Dr. Yiyang Li, Assistant Professor of Materials Science and Engineering at University of Michigan, will give a seminar titled "Thermodynamics & Kinetics of Ion Transport in Batteries and Resistive Memory" to the interested faculty and students at Discovery Park.

Abstract

Energy storage and semiconductor microelectronics are two critical strategic technologies for the United States. In this talk, I will present our recent research on the thermodynamics and kinetics of ions in these technologies. Metal oxides fabricated using low-temperature processes are widely used in microelectronic devices, including resistive memory, thin-film transistors, and ferroelectrics. Oxygen diffusion within these solid metal oxides plays a critical role in the functionality and reliability of such devices. In our study of tantalum oxide resistive memory, we demonstrate that oxygen diffusion kinetics are not governed by ideal Fickian diffusion; instead, they are governed by non-ideal thermodynamic interactions, including phase separation and spinodal decomposition, and can be described using a regular solution model.

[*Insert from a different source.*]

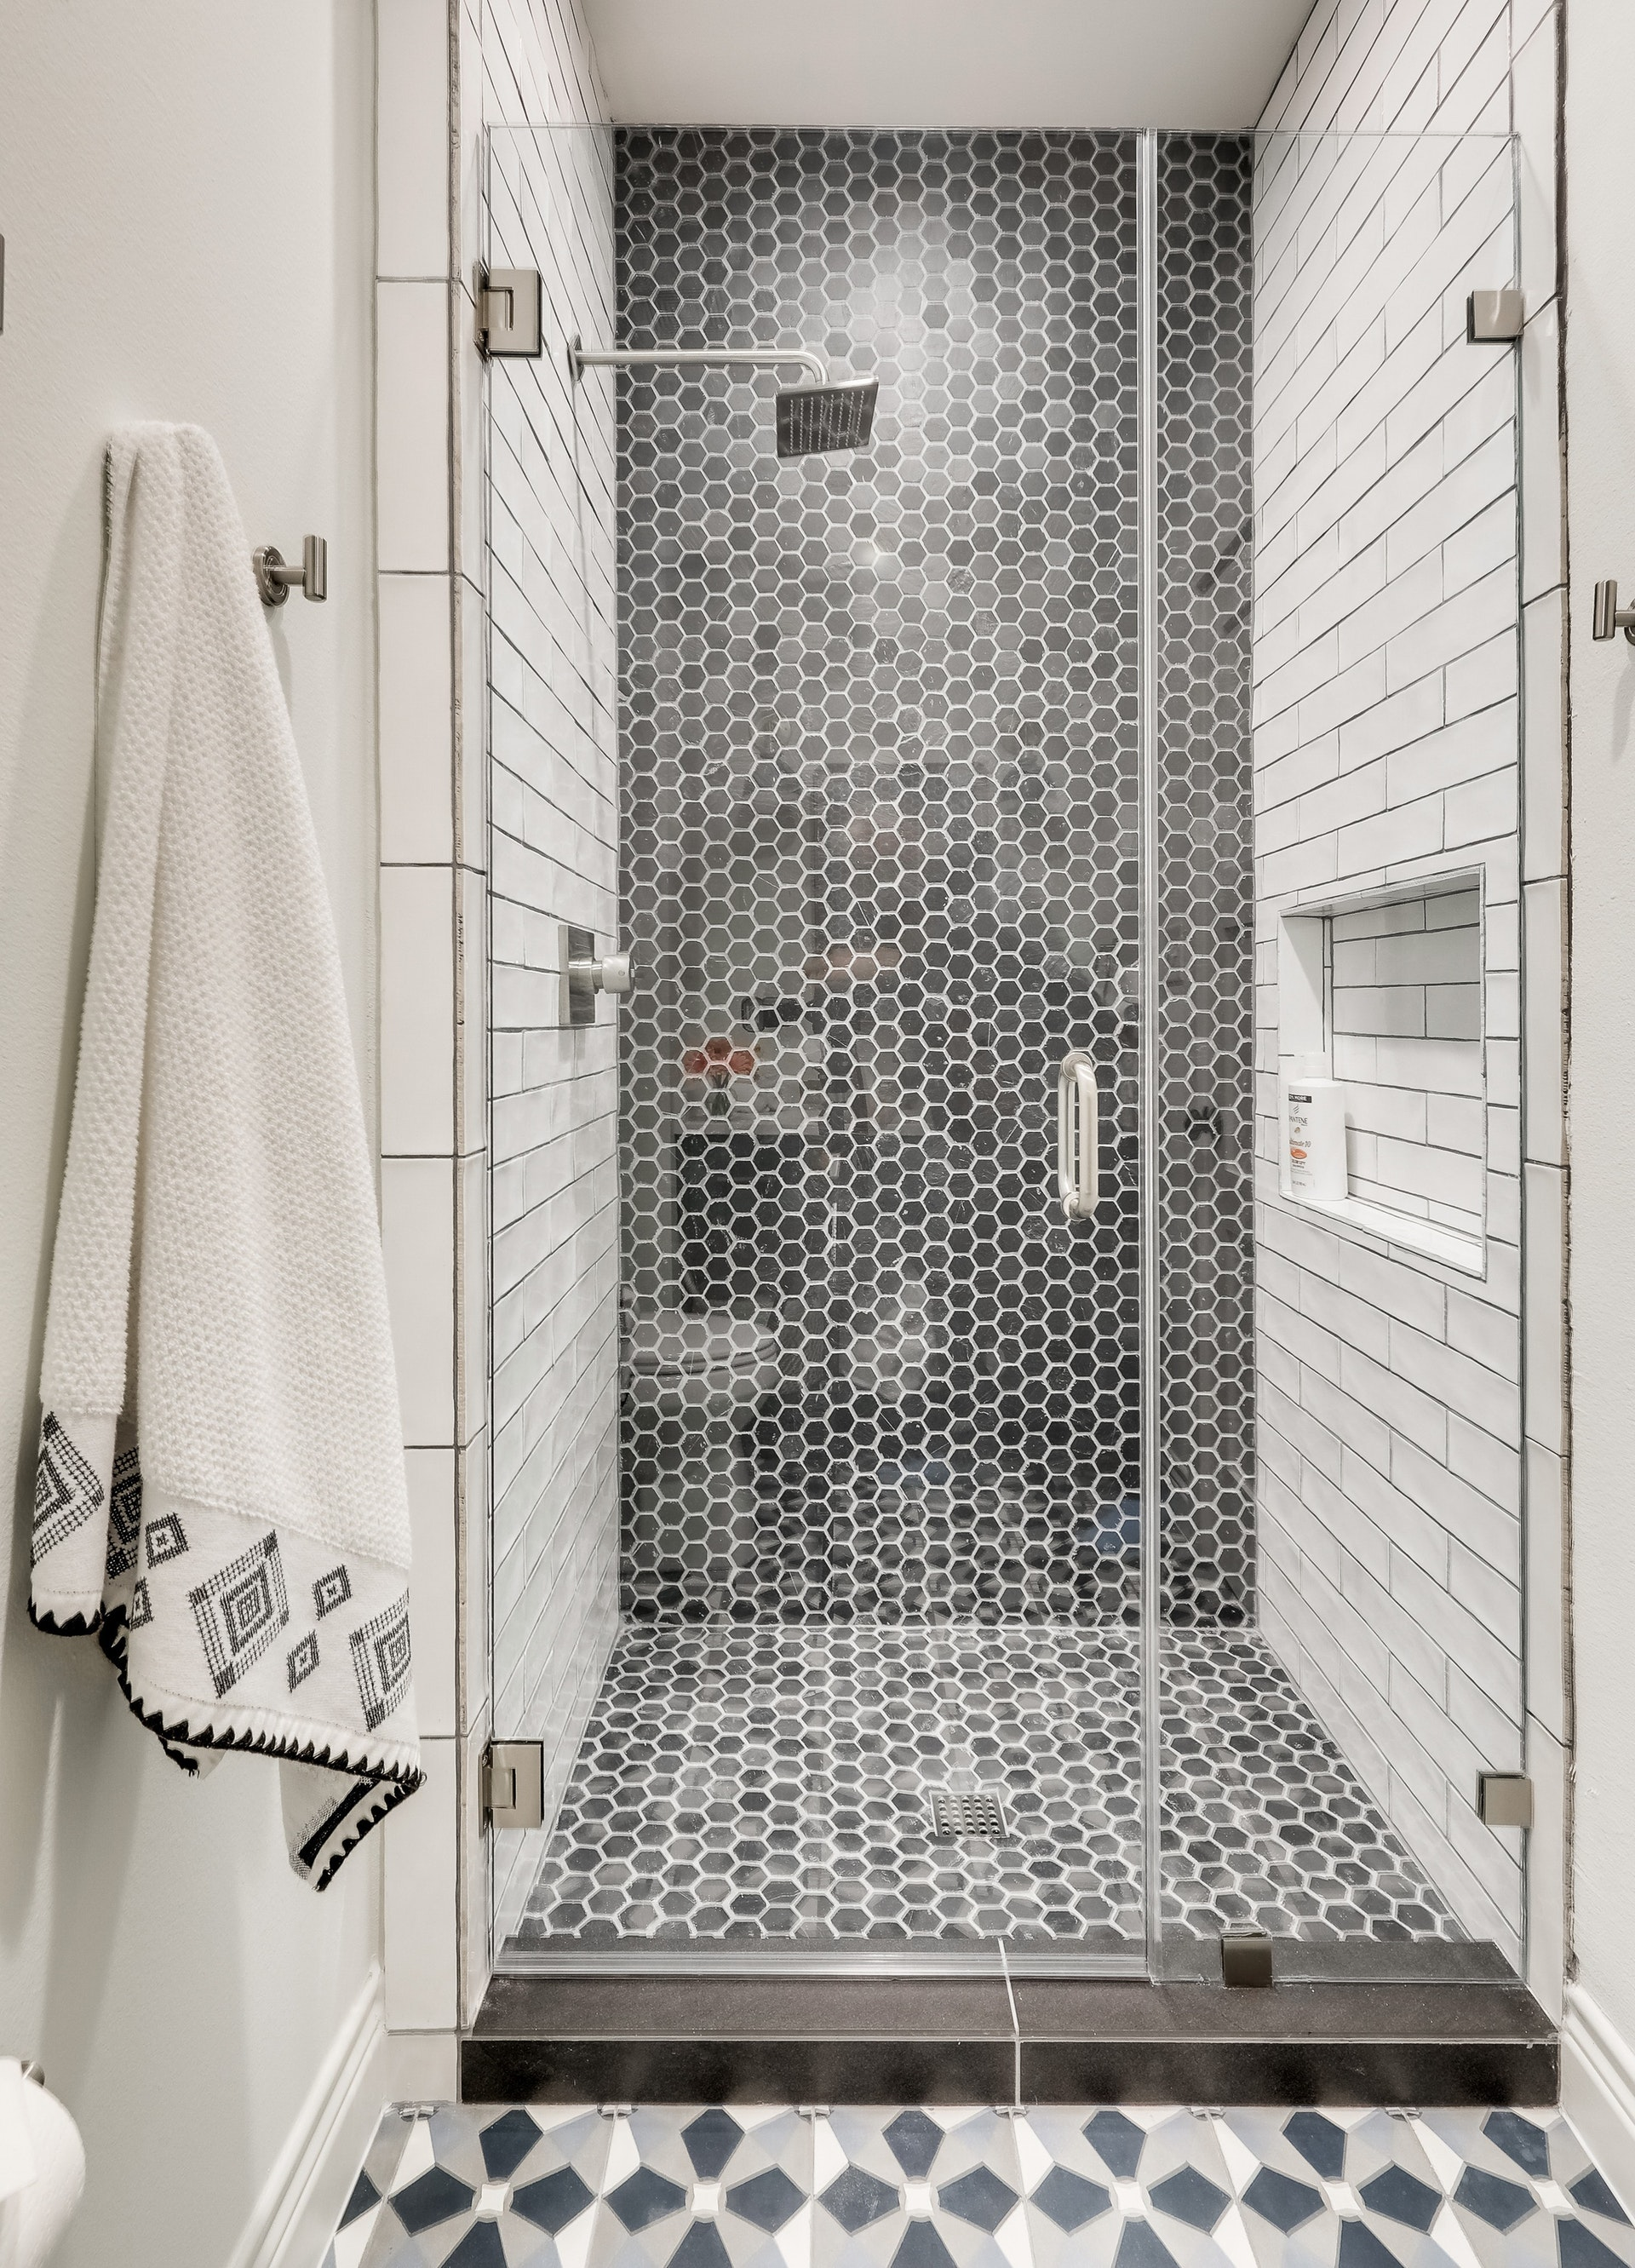 Modern Farmhouse BnB Bathroom - Hex and Subway Tile Shower .jpg

This phase separation not only enables information retention for over 10 years under typical computing environments, but can also be used to engineer nonvolatile memory under extreme temperatures exceeding 500 °C.

Next, we investigate lithium transport in battery materials by assembling individual battery particles onto microelectrode array, a platform adapted from the field of neuroscience. By measuring lithium diffusion and reaction rates in individual particles, we show that particle cracking, which was long believed to be detrimental, is essential for the fast charge and discharge of battery particles. Moreover, attempts to eliminate cracks would substantially hinder fast charge and discharge. Such studies show the importance of ion transport in current and future technologies for energy, microelectronics, and beyond.

Bio

Dr. Yiyang Li is an Assistant Professor of Materials Science and Engineering at the University of Michigan since 2020. His group studies ion transport in materials for energy storage and microelectronics. He received his PhD in materials science and engineering from Stanford University in 2016, and was a Harry Truman Postdoctoral Fellow at Sandia National Laboratories from 2017-20.